Son rumanos. Y son gitanos romanís. Nómadas sin
territorio, sin estado. Han cabalgado
entre el destierro y el extermino, perseguidos por los
nazis y hasta 1958 esclavos en un
estado comunista que los disolvió como pueblo a golpe de normalización
roja. Ahora los tenemos entre nosotros.
Se calcula que unos 750.000 romanís viven en el reino de España, de ellos
unos 420 en Pamplona. Huyen de una
Rumanía sobreempobrecida. Y nuestras peores condiciones son sus palacios
rumanos. Son nuestros refugiados. Es la minoría étnica más estigmatizada en
esta Europa alcoholizada de tolerancia de garrafón. Acusados sin presunción de
inocencia alguna. Ciudadanos europeos libres para moverse por un pantanal de
prejuicios. Gentes sin empleo, sin ingresos, abocados a una miseria
escandalosa. Sobre ellos pesa un racismo indecente, descarado. Por su forma de
afrontar una vida que no es vida. Por mostrarnos sin pudor sus maneras de
sobrevivir. Eso es lo que nos escandaliza. Su inmerecido derecho a soportar la
pobreza.
Estos días son noticia.
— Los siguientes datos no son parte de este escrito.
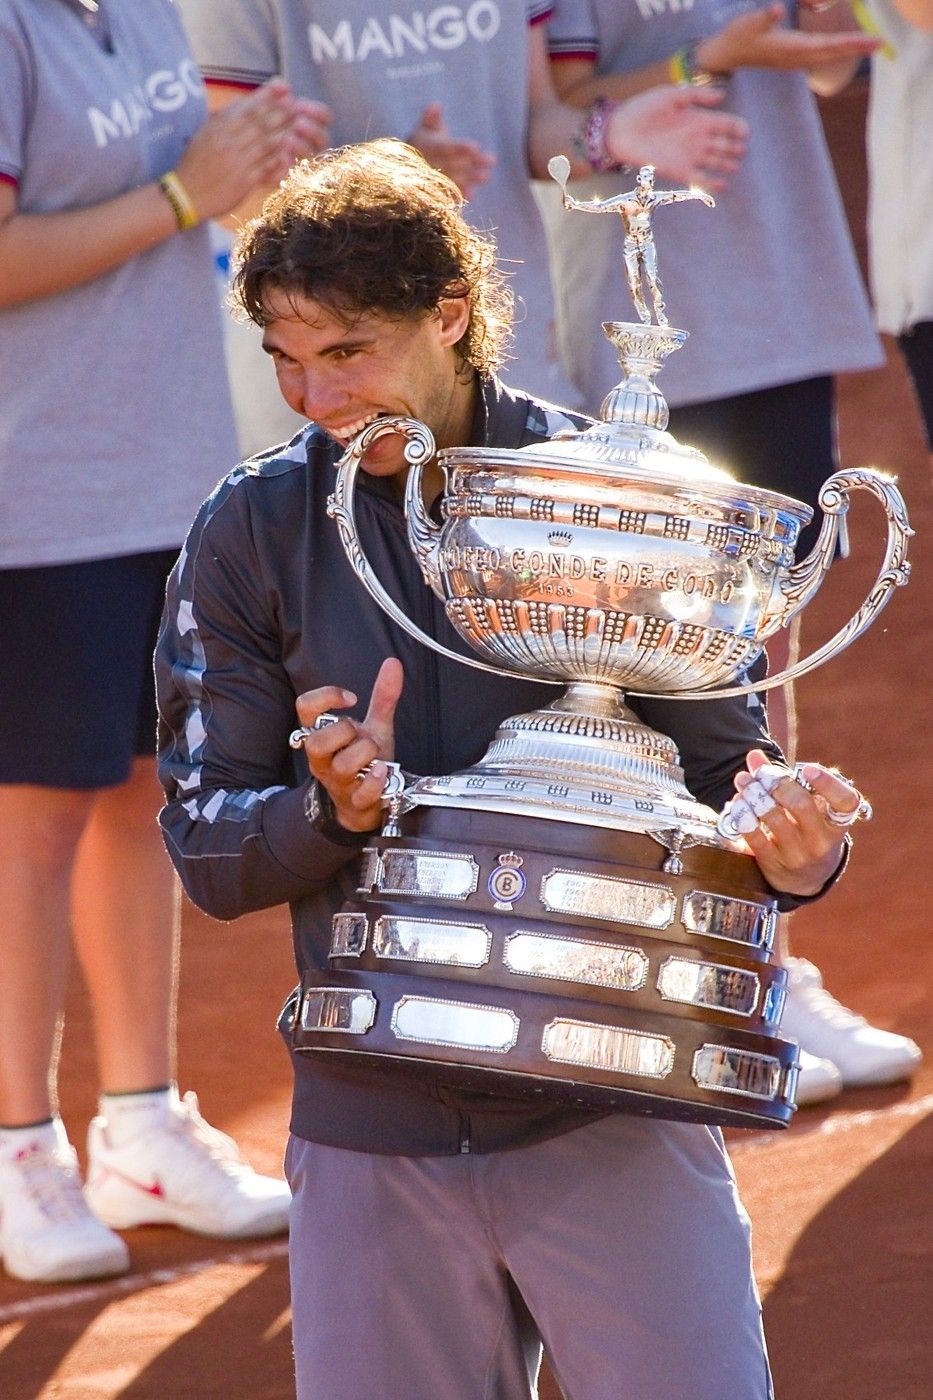 2012 - O jediný set připravil Nadala až ve finále Djokovič, své soupeře jinak drtil rodák z Mallorky až neskutečným způsobem. Ferrer na něj v semifinále uhrál pouhých pět gamů.

No por su
miseria banalizada hasta el asco, sino por lo mal que la soportamos los demás.
Se habla de ellos, del “Tenis”, de sus prácticas en los márgenes, de la
limpieza, de la propiedad de la parcela que ocupan. De todo menos de sus
dificultades. Y hablamos de ellos con ese aire de superioridad analítica y de
clase que nos proporciona el lugar que
ocupamos; profesionales, partidos, entidades, administraciones, voluntarios y
hasta el sursum corda. Y no sabemos cómo acertar con ellos pero sin ellos. Y nos enredamos en el
buenrrollismo, el voluntarismo, el
derecho, la solidaridad y la legalidad.
Arreglar lo del asentamiento, pues sí. No son tantos. Solo una
muestra de esa comunidad romaní-pamplonesa que nos reclama otra mirada más
global. Mai bine împreunâ : Juntos mejor.